This digital garden is an experiment in publishing some of the material I maintain in a private Obsidian vault as a supplement to my personal website.

Who am I?

I work as a system architect who helps design some of the largest supercomputers in the world. I spent seven years doing this in the the U.S. Department of Energy complex, where I contributed to the design and evaluation of supercomputers including Perlmutter, Frontier, and El Capitan. I then joined Microsoft where I now work on the design of supercomputers designed for LLM training such as Eagle.

The long version of my life story can be found on my personal website’s About Me page.

What do I do?

Most recently, I have been:

As of October 2024, here are a few pages that I’ve been developing that reflect how I’ve been spending my time:

  1. Scaling laws, the simple equations that are making everyone build massive AI training clusters.
  2. Revisiting Reliability in Large-Scale Machine Learning Research Clusters, a paper published by Meta on the long-term reliability of their A100 clusters.
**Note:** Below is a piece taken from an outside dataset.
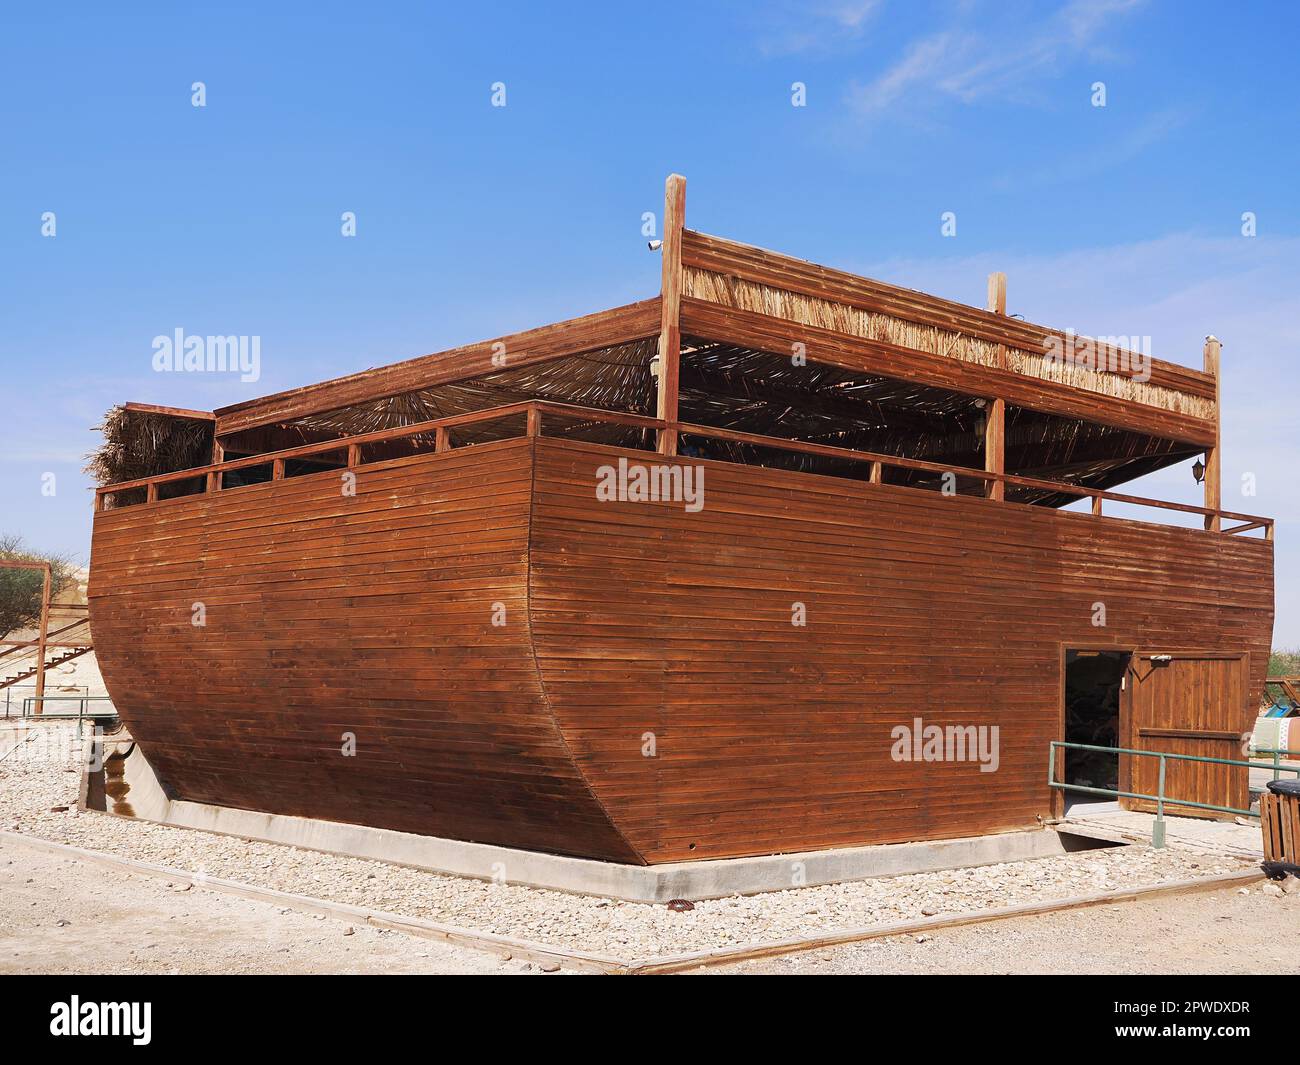 Noah's Ark. Imitation. Built in an Israeli nature reserve on a roe deer and deer farm. It is a favorite place for children and adults, as it contains Stock Photo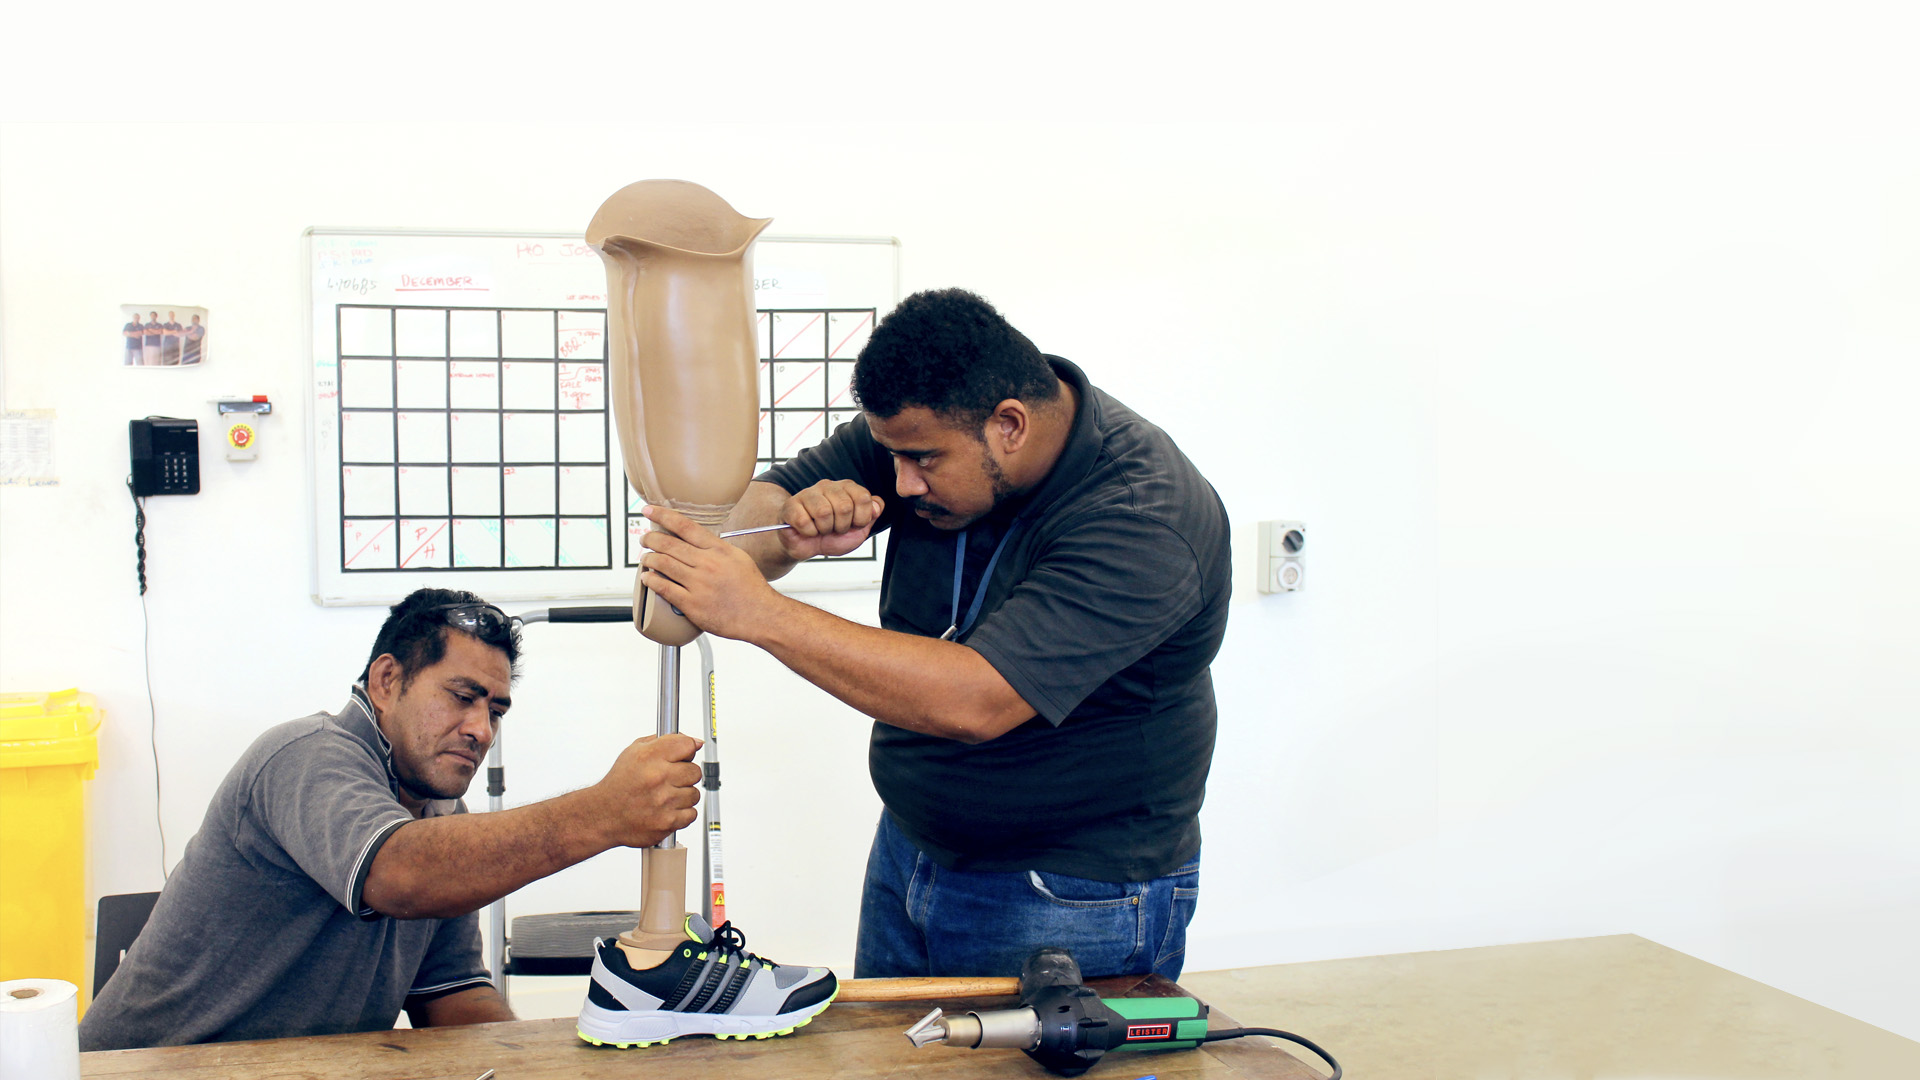 Two men work together to make an adjustment to a prosthetic leg placed upon a workbench. One man sits holding the leg while the other stands, working on it with a tool. Both look very focused.

More generally, I also track trends in the state of the art in supercomputing and AI worldwide so that I know how my work fits into where the rest of the AI industry is going. A few pages I’ve been working on that reflect this are:

  1. Everything I know about xAI’s Colossus cluster.
  2. My personal thoughts in response to the FASST RFI. This is part of a personal passion project around the government’s role in AI.
  3. Energy and nuclear power, especially as it pertains to sustainability in HPC and the energy demands of AI.

What have I done?

From 2015 to 2023, I specialized in storage for HPC and actively participated in that community. I wrote a bunch of papers around file system performance analysis, reliability, utilization, and architectural philosophy. I also managed a team of storage engineers for a year and dabbled in the broader area of data management for scientific computing.